El lugar de la foto está en la calle Trafalgar de Madrid. Casí más un espacio de una película de Kubrick, la librería del BOE no encaja en ninguna de las categorías anteriores. Se trata de un templo más bien pagano, o la sede de una secta cientificista. En ella se encuentra el catálogo bibliográfico de publicaciones editadas por administraciones de todo tipo: ministerios, comunidades autónomas, organismos internacionales, municipios, etc.

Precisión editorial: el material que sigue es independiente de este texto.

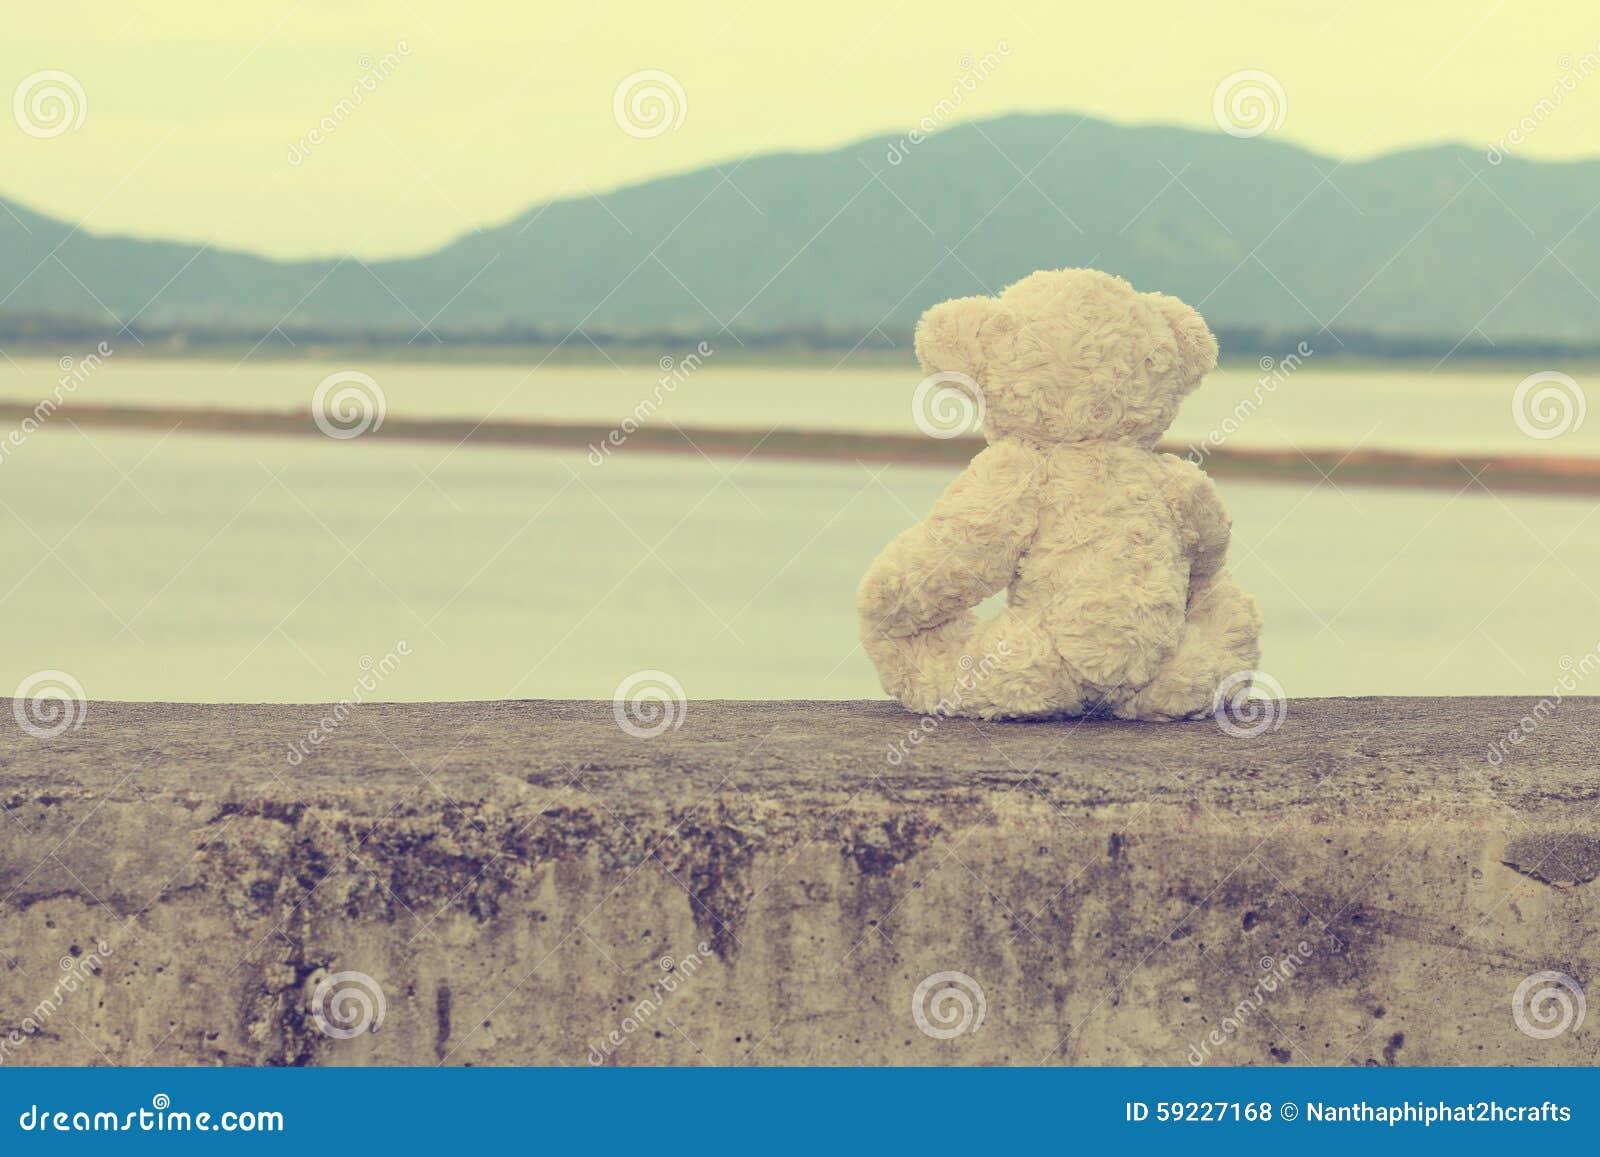 El oso de peluche se sienta esperándola Estilo de la vendimia

En sus estanterías se puede uno tropezar con premios de un concurso de relatos de un pueblo murciano, informes etnológicos de comarcas castellanas, reglamentos jurídicos sobre el uso de calderas en edificios históricos, la constitución de Cádiz de 1812 o un estudio de la expedición de Malaspina.
Es fácil caer en la tentación de pensar que todo el saber humano será digitalizado. Que la gran librería del mundo estará a nuestra disposición a golpe de click. Que todo cuanto se ha estudiado e investigado sobre un determinado tema quedará registrado en una inmensa base de datos (Google ya lo intenta). Pero esto aún no ha ocurrido, y ya hoy deambular por los pasillos vacíos de la librería del BOE es un ejercicio de nostalgia, como de ciencia ficción antigua. Y es que el olor de esta oficialidad impresa —impresa con subvenciones que no volverán—, igual que el del silicio, es neutro y no deja huella en la memoria.